Texas Gov. Greg Abbott takes fire from all sides for indefinite National Guard border deployment
Texas Gov. Greg Abbott (R) has made his deployment of state police and National Guard troops to the U.S.-Mexico border a centerpiece of his re-election campaign. But a growing chorus has begun criticizing it as a politically motivated waste of $2 billion a year that has forced hundreds of part-time troops to deploy to the border with inadequate resources, a fuzzy mission, COVID outbreaks, cramped housing, and delayed paychecks, The New York Times reported Wednesday.
Abbott's deployment, named Operation Lone Star, has been slammed this month by his likely Democratic gubernatorial opponent Beto O'Rourke but also Allen West, a conservative former Army lieutenant colonel and chairman of the Texas Republican Party who is challenging Abbott in the GOP primary. National Guard troops and veterans are speaking out, too.

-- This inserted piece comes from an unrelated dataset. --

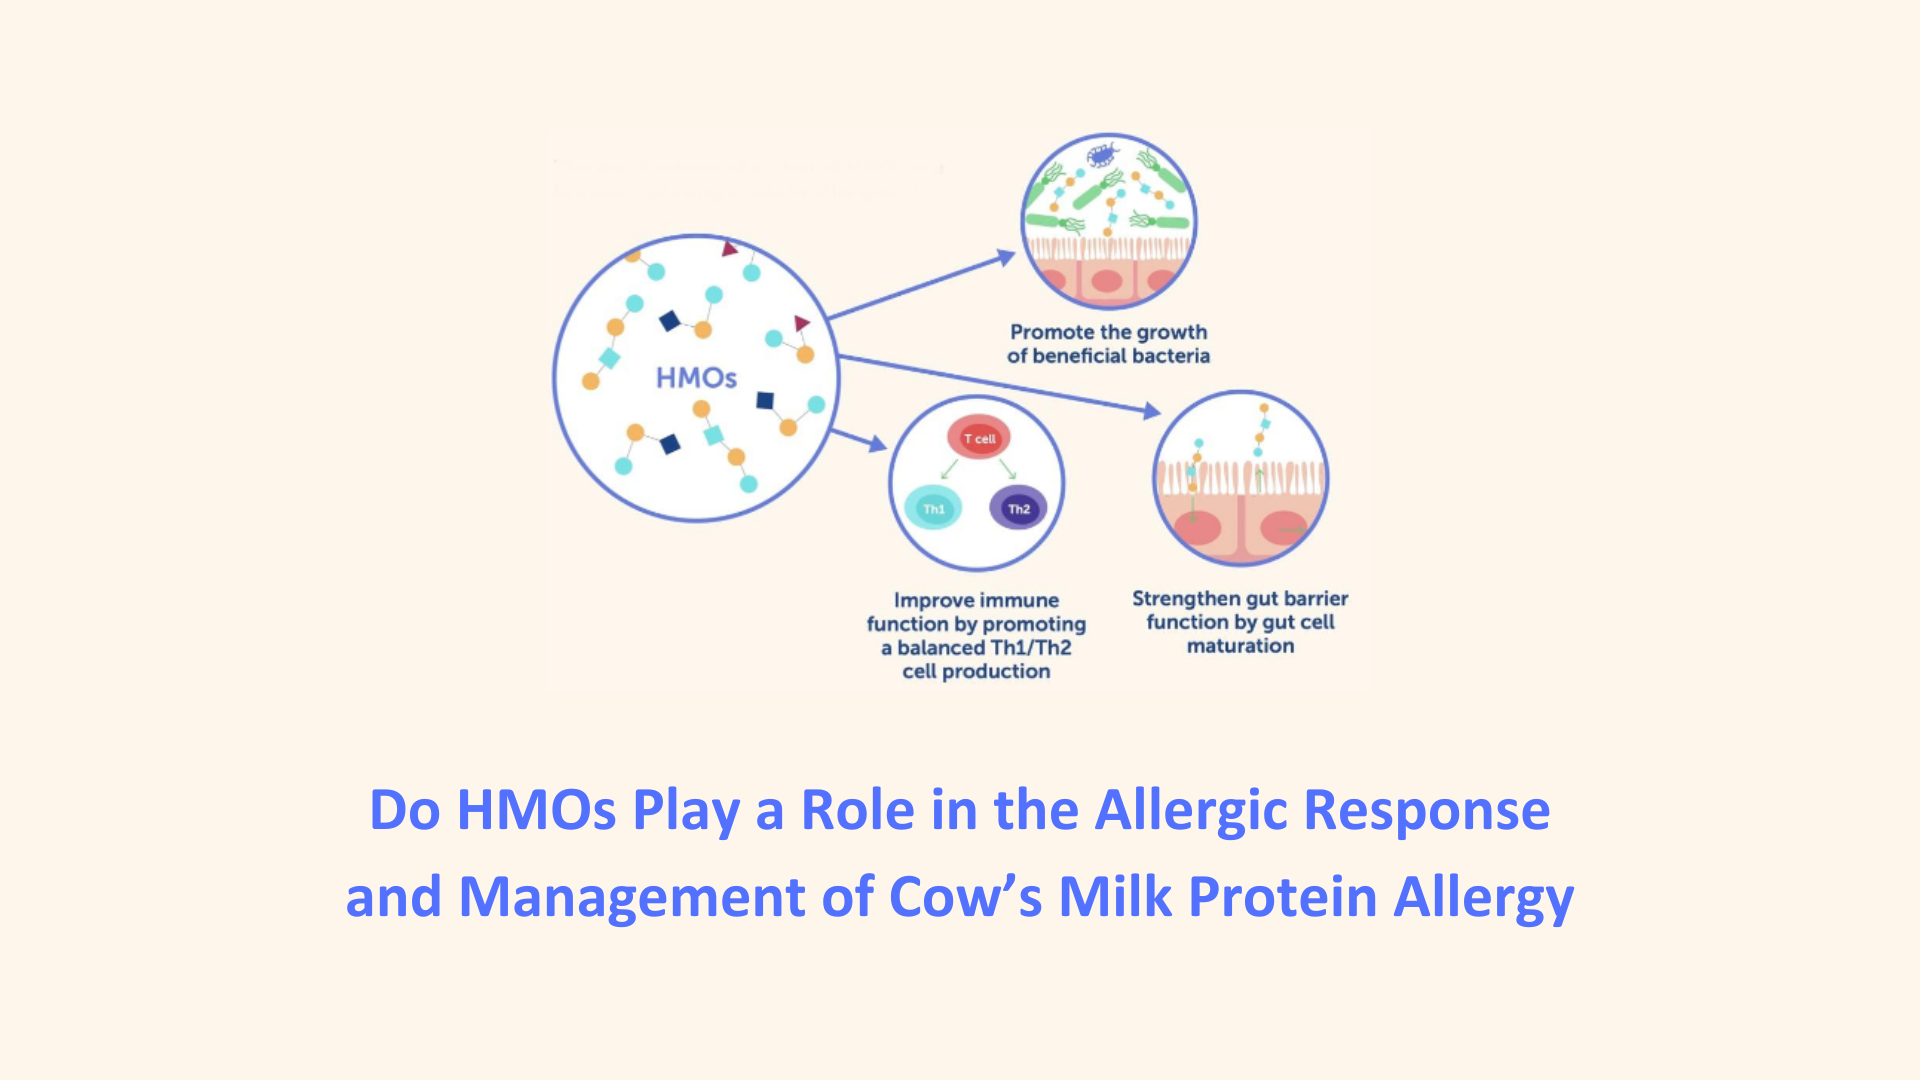 Do HMOs Play a Role in the Allergic Response and Management of Cow’s Milk Protein Allergy?
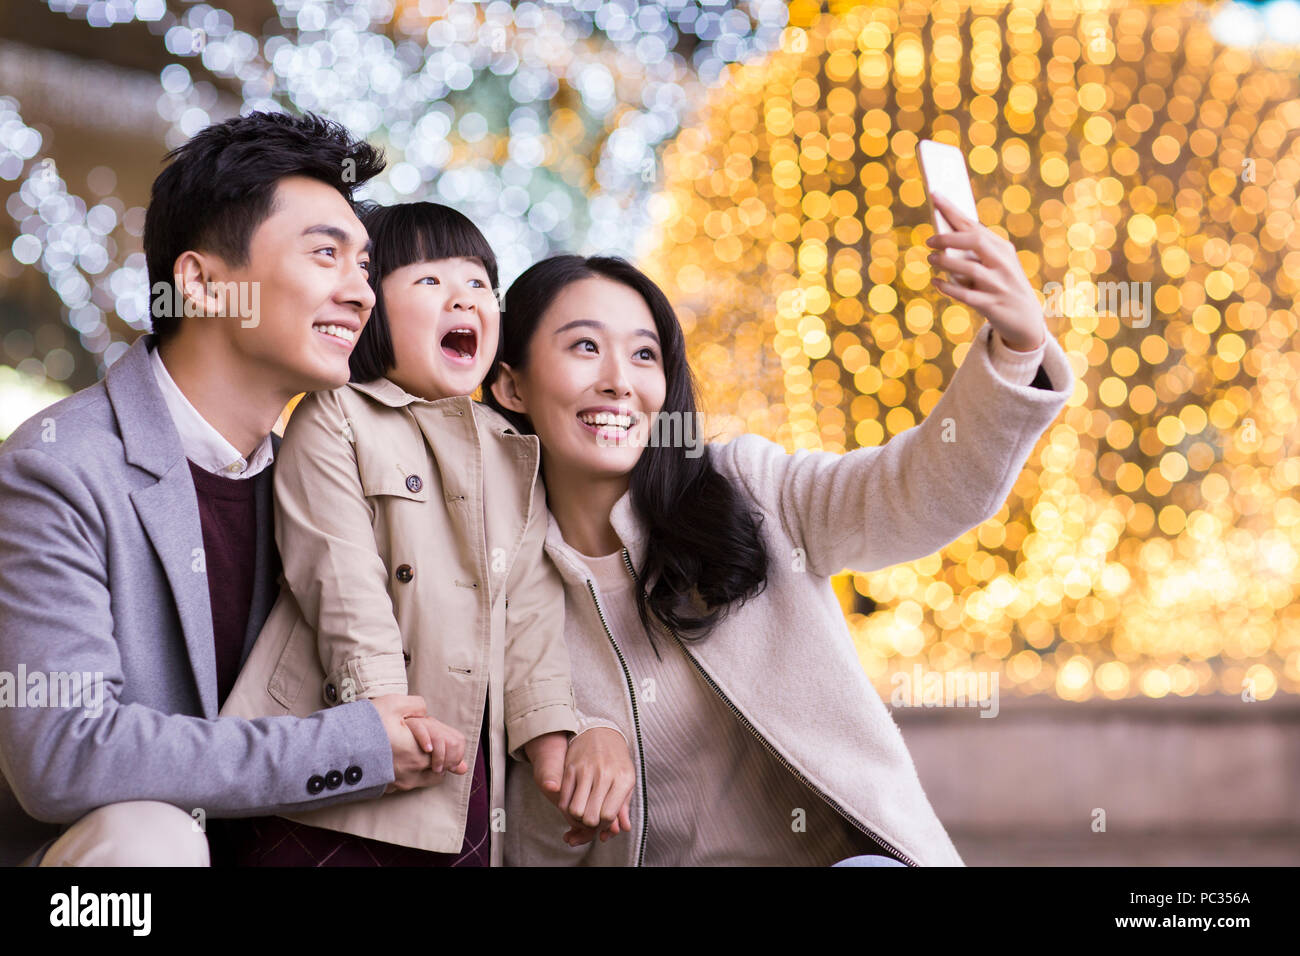 Cheerful young Chinese family taking self portrait with smart phone Banque D'Images

Abbott launched Operation Lone Star last March, saying he had to deploy troops to bolster border security amid what he called President Biden's soft immigration enforcement. His office says that is still true. In September he requested 1,500 National Guard troops to join the 500 already at the border. After Fox News host Tucker Carlson began regularly attacking Abbott for not sending down more troops, Abbott quickly requested another 2,500 troops, the Times reports. By November, his office boasted of 10,000 National Guard members deployed to the border.
"But the Texas Guard could not reach those numbers solely with volunteers," the Times notes. "So the mission became mandatory," and "those called up had to report within weeks or, in some cases, a few days." Maj. Gen. Charles Aris said Guard members can expect to spend 365 days on the border mission, with probably two yearlong "turns."